Но увлечение немецкой философией, как все на свете, имеет свою оборотную сторону. Герой другого тургеневского рассказа с горечью вопрошал: «Что общего <…> между этой энциклопедией (Гегелевской) и русской жизнью? И как прикажете применить к нашему быту <…> вообще немецкую философию <…>?» («Гамлет Щигровского уезда»). Действительно, между идеальным миром философских построений и раздираемой проблемами страной общего было мало. Однако такие идеалисты, как Рудин, не хотели замечать этого. Речь Лежнева раскрывает роковую ущербность рудинского мировоззрения: «Несчастье Рудина состоит в том, что он России не знает, и это точно большое несчастье». За его страстными словами мы чувствуем голос самого Тургенева: «Россия без каждого из нас обойтись может, но никто из нас без нее не может обойтись».

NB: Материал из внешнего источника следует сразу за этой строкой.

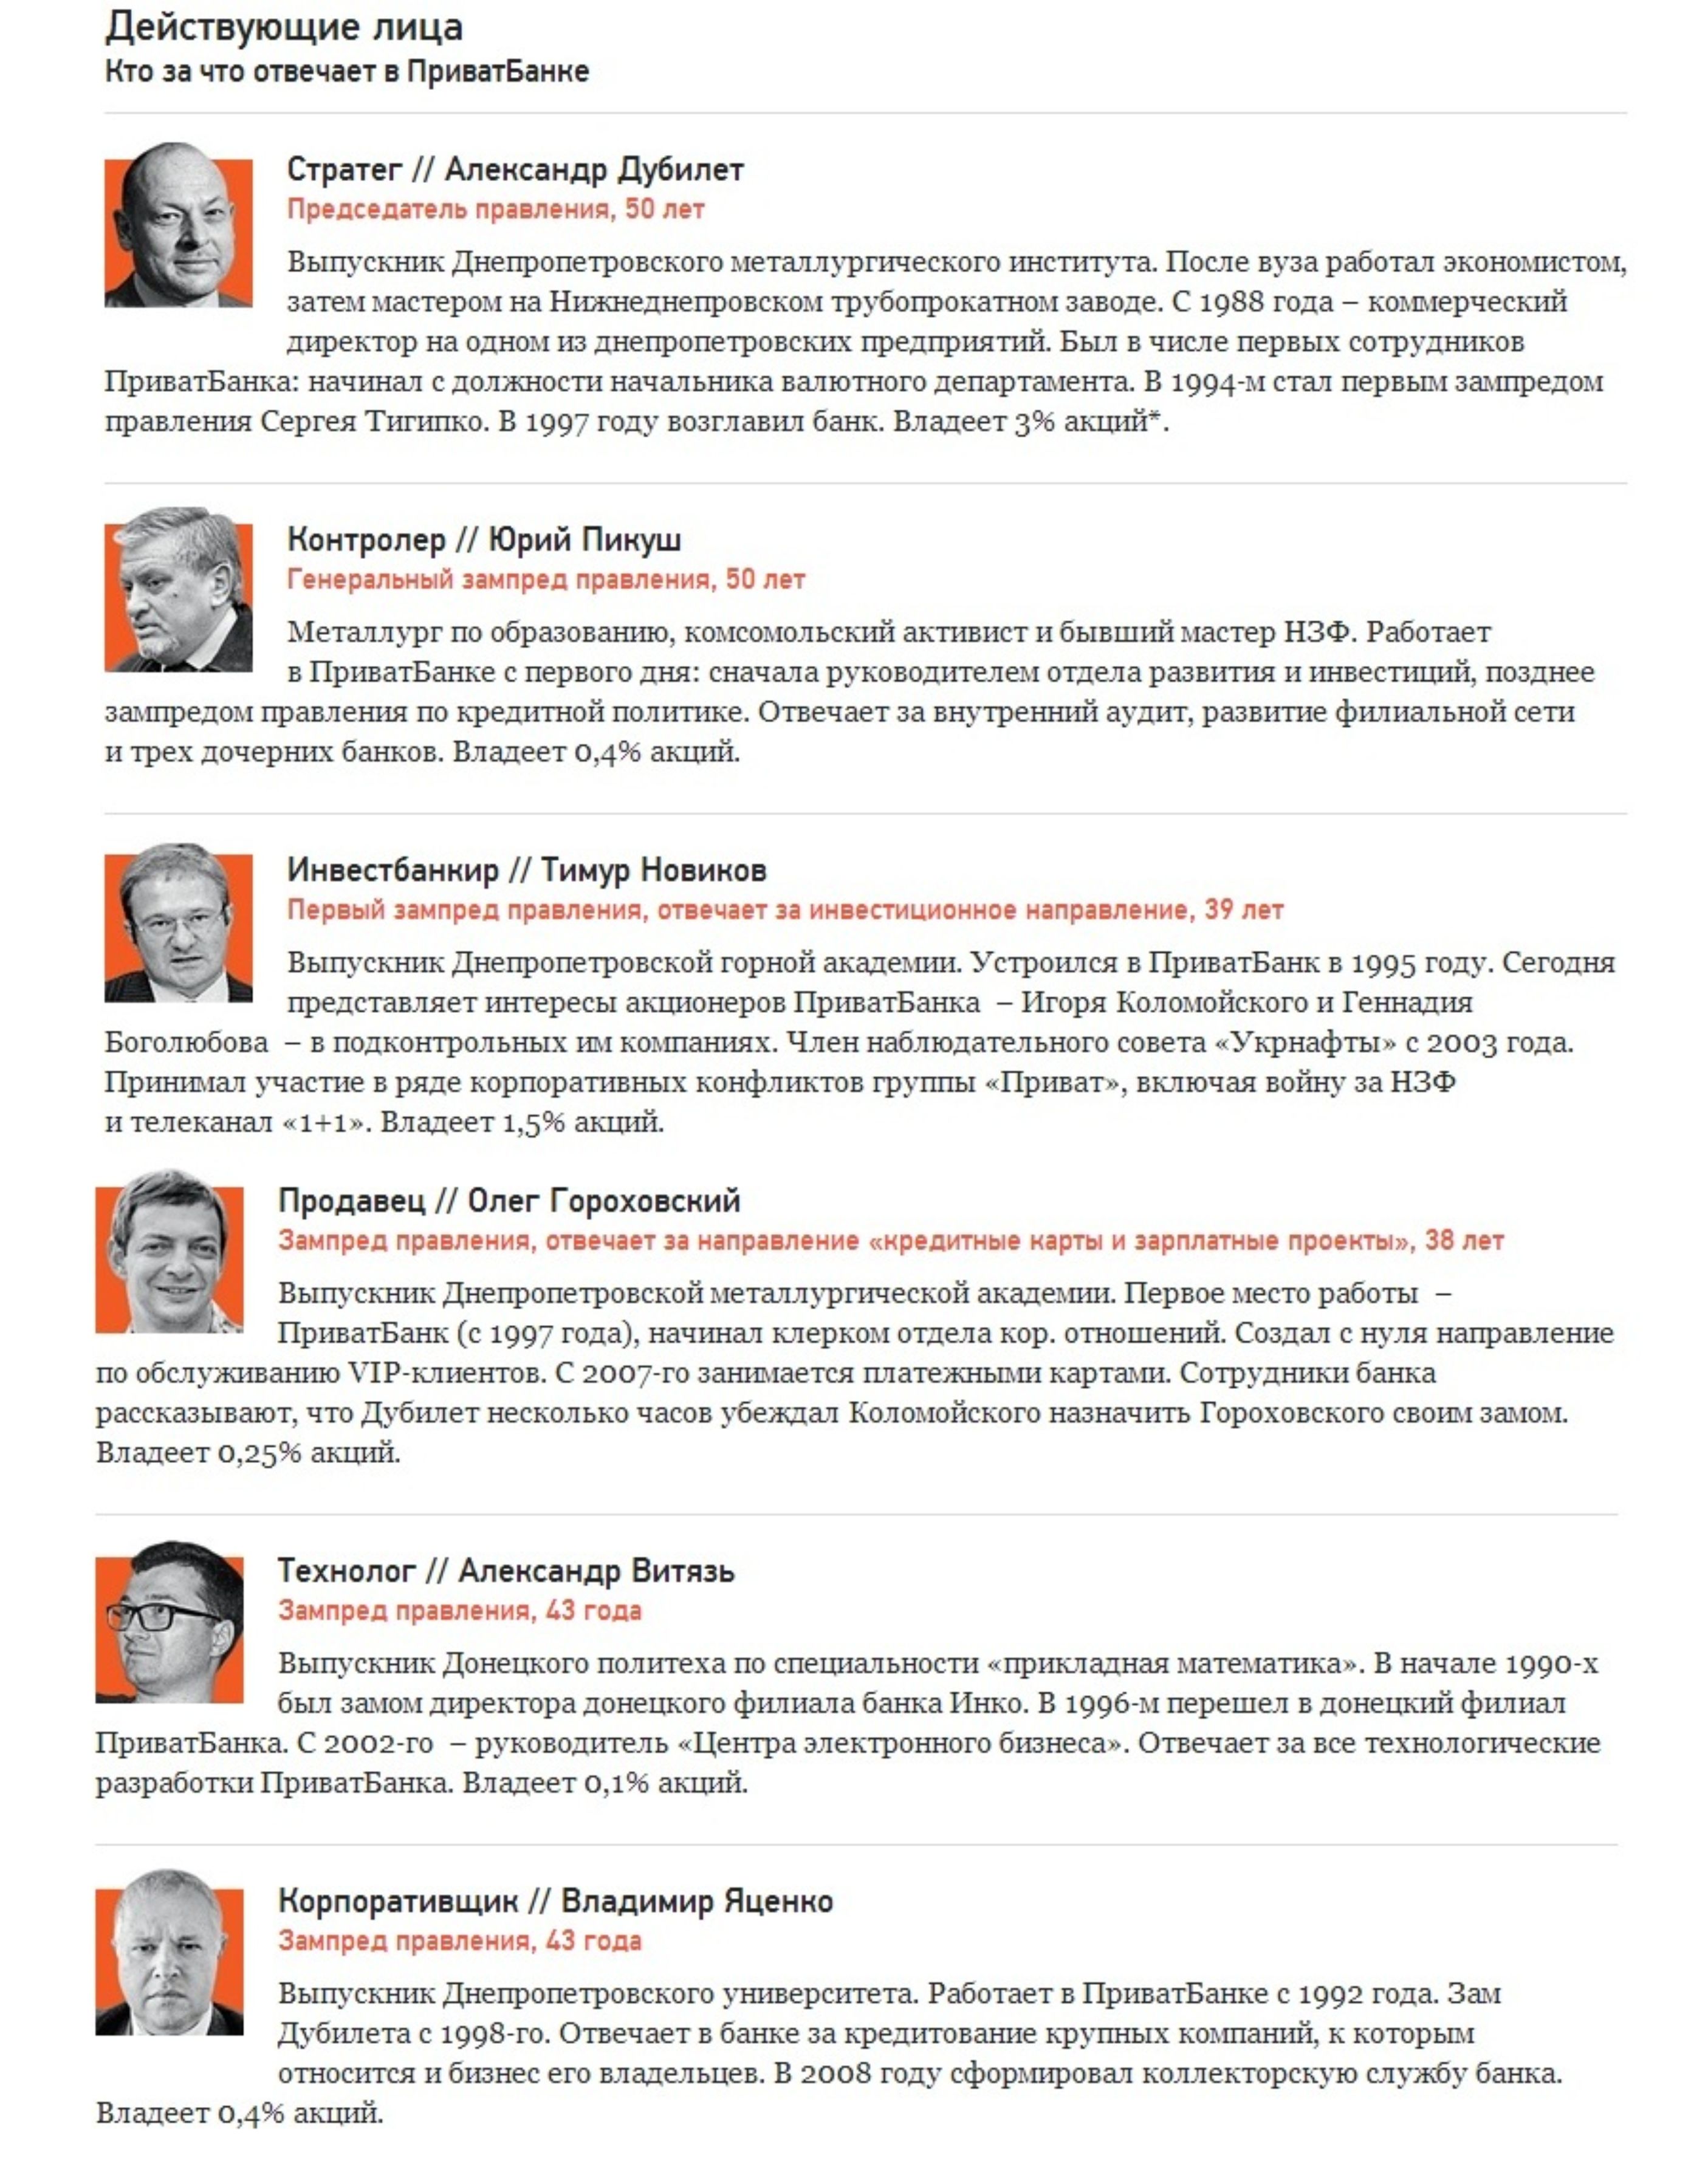 Житомир.info: Сегодня в Приватбанке обслуживается треть украинцев. Как этот днепропетровский банк стал крупнейшим в стране, разузнал Forbes.
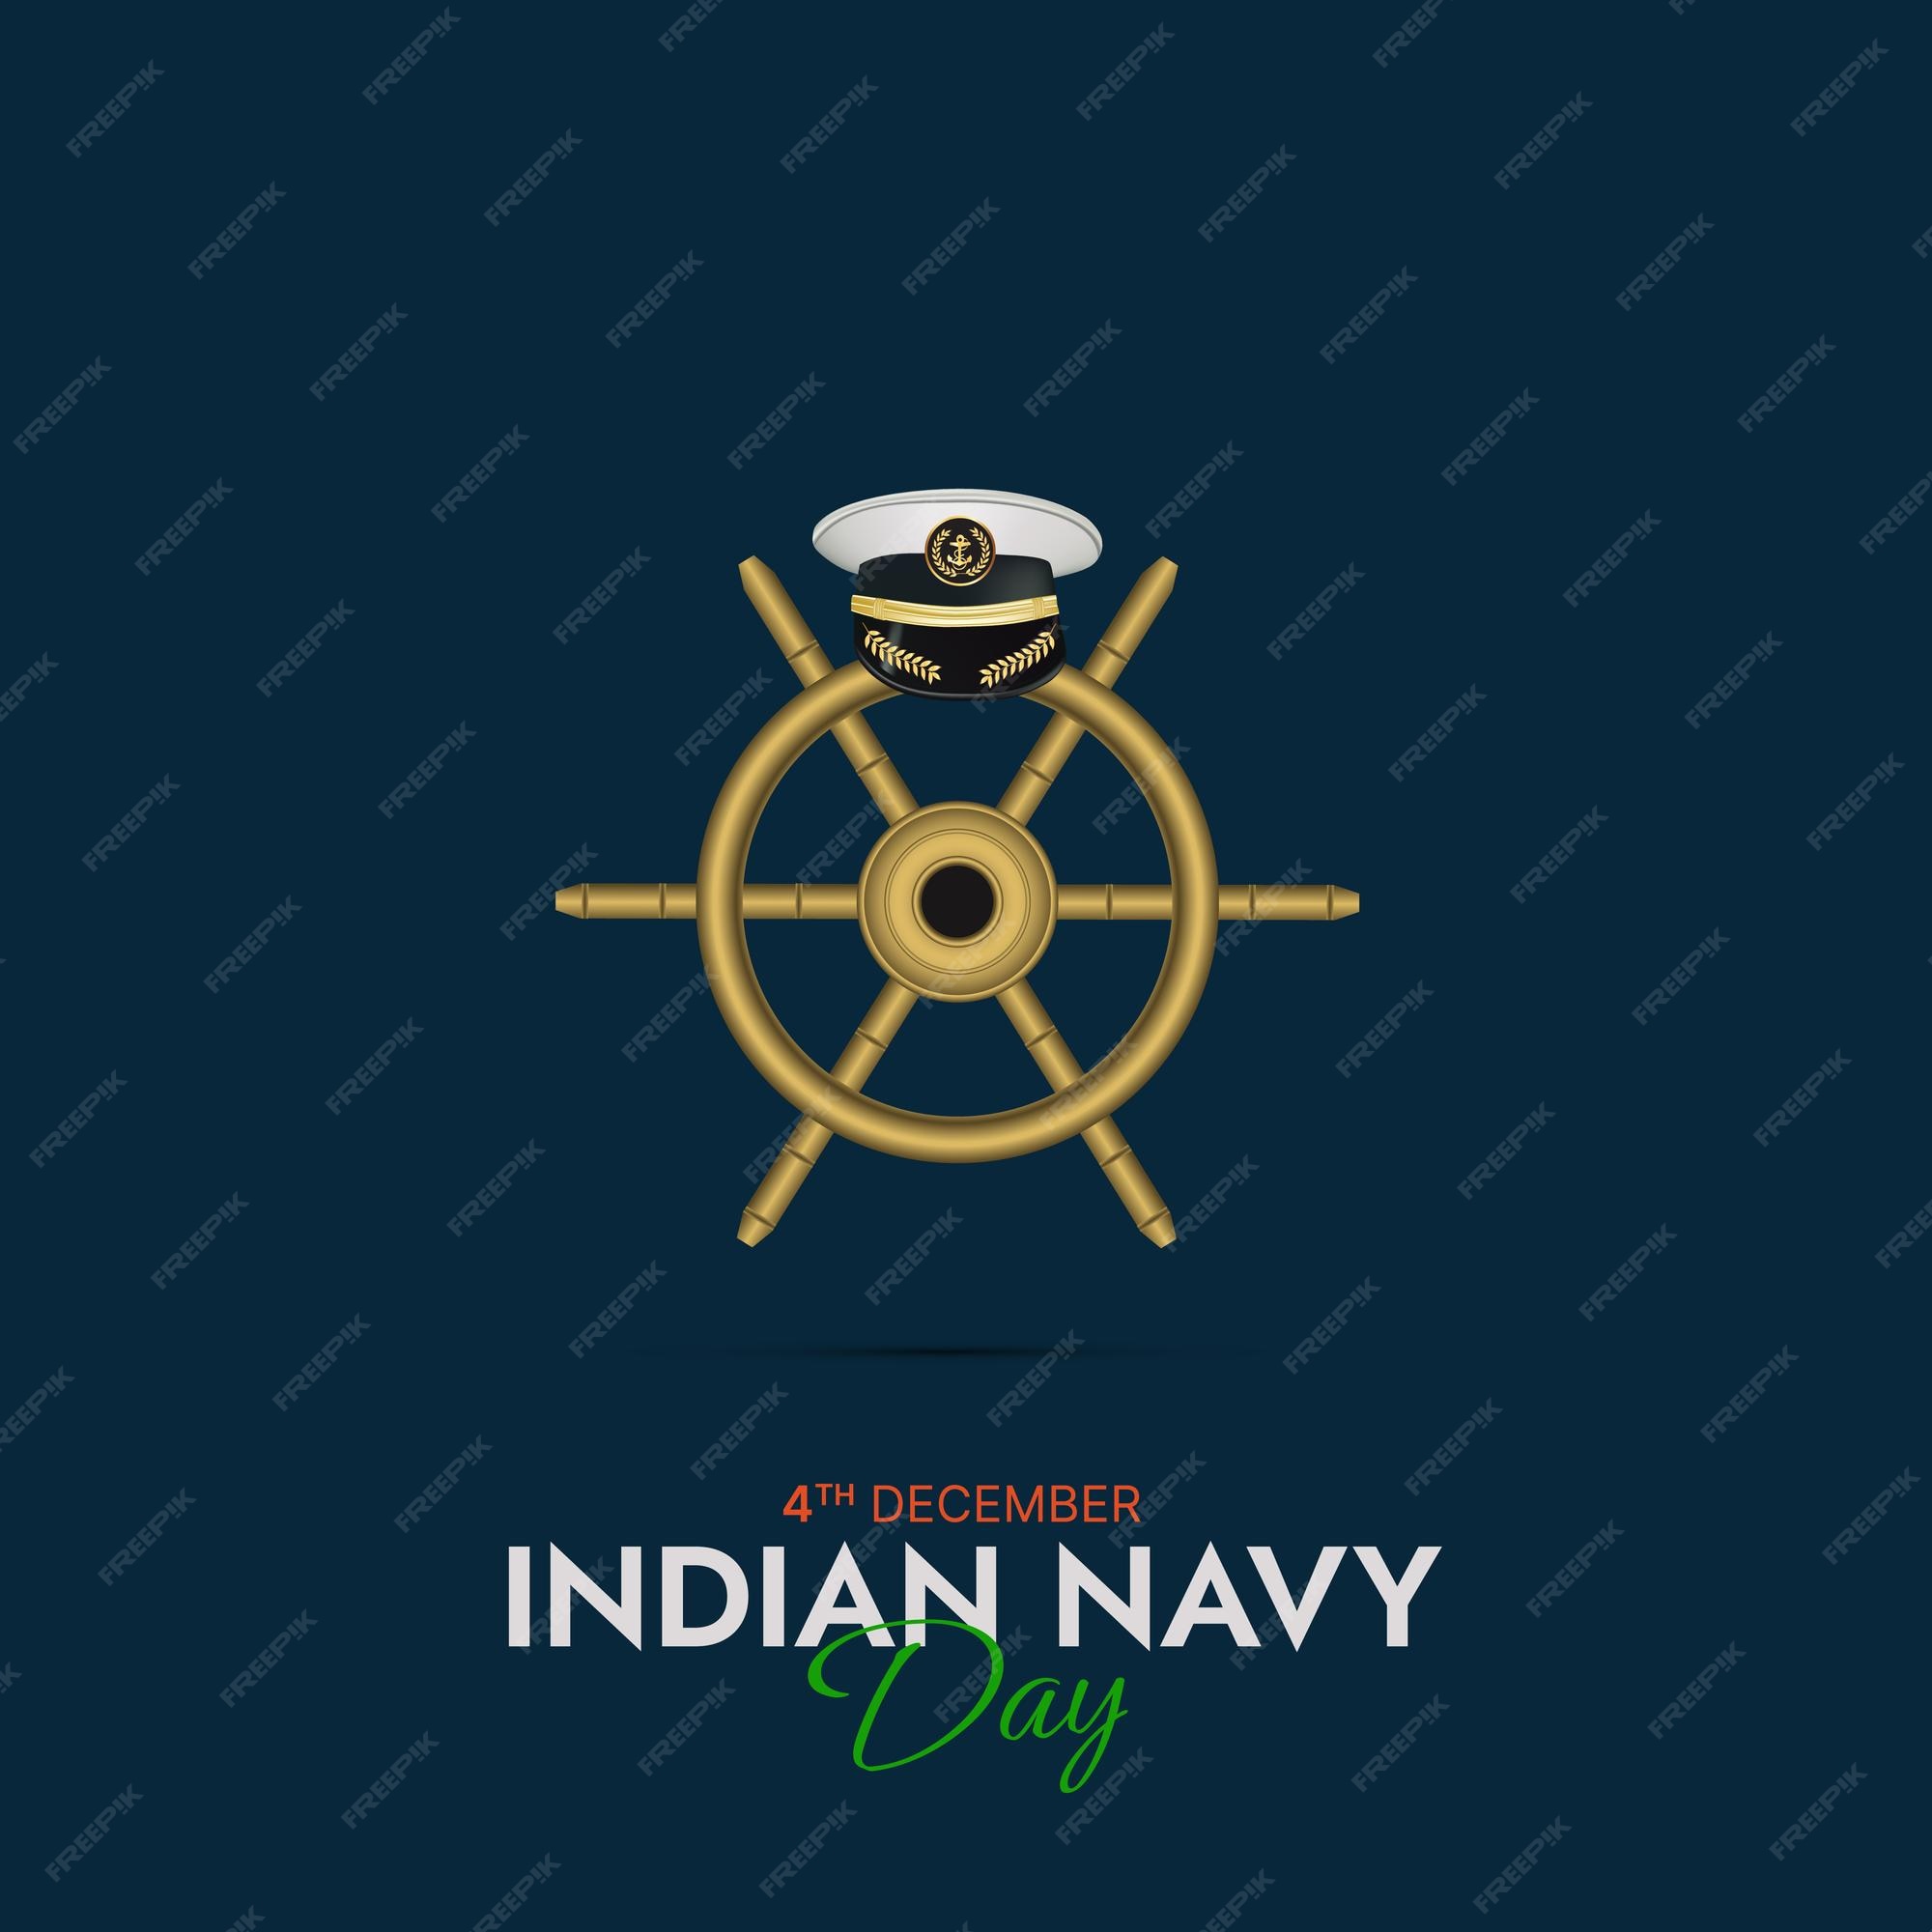 Indian Navy Images - Free Download on Freepik

Кроме того, Тургенев показывает как закономерность: y людей погруженных в умственные интересы, привыкших «каждое движение жизни, свое и чужой, нашпиливать словом, как бабочку булавкой», непосредственные сердечные движения отмирают. Отсюда ироническое замечание о том, что у Рудина, подобно китайскому болванчику, «перевешивала голова». Погружение в сферу философских идей помогает многое понять в поведении Рудина. Лежнев неспроста называет Рудина «политической натурой». Это прирожденный вождь, оратор - «он всячески старался покорить себе людей». Для этого у Дмитрия Николаевича были основания: «…Читал он (Рудин ) философские книги, и <…> тотчас же <…> хватался за самый корень дела и уже потом проводил от него во все стороны светлые, правильные нити мысли, открывал духовные перспективы». Говоря о себе, Михайло Михайлович не мог не признать, что рудинское «влияние было благотворно во многом. Он <…> обтесал меня». Превратил из обыкновенного барича в достойного высоконравственного человека.

В то же время Лежнев произносит многозначительно: «Его иго носили». Личный деспотизм Рудина раскрывается в истории влюбленности Лежнева в юную девушку. Рудин, почтенный доверием товарища, принялся руководить этими отношениями, диктовал, «как мы должны вести себя, деспотически заставлял отдавать отчет в наших чувствах и мыслях, хвалил нас, порицал…». При этом Рудин упивался собственным красноречием, не замечая, что оно порой переходит в демагогию: «Белое казалось черным, черное - белым, ложь - истиной, фантазия - долгом…» Такие подробности могут показаться преувеличенными. Писатель, однако, имел в виду конкретного человека, Михаила Александровича Бакунина, ставшего впоследствии видным деятелем международного анархического движения. Друг молодости Тургенева, энергичный деятель, Бакунин смело вмешивался в личные отношения своих друзей, своих сестер. Одну из них он побуждал развестись с мужем «во имя абсолюта», других сватал, наставлял и т.д. Во многом благодаря «помощи» Бакунина бесславно закончился «философский» роман Тургенева и Татьяны Бакуниной. Вспоминая Бакунина, Иван Сергеевич поначалу задумал назвать свой роман «Гениальная натура». Но после писатель заметил, что такое заглавие может звучать издевательски. Ведь характер Рудина далеко не во всем совпадал со своим историческим прототипом.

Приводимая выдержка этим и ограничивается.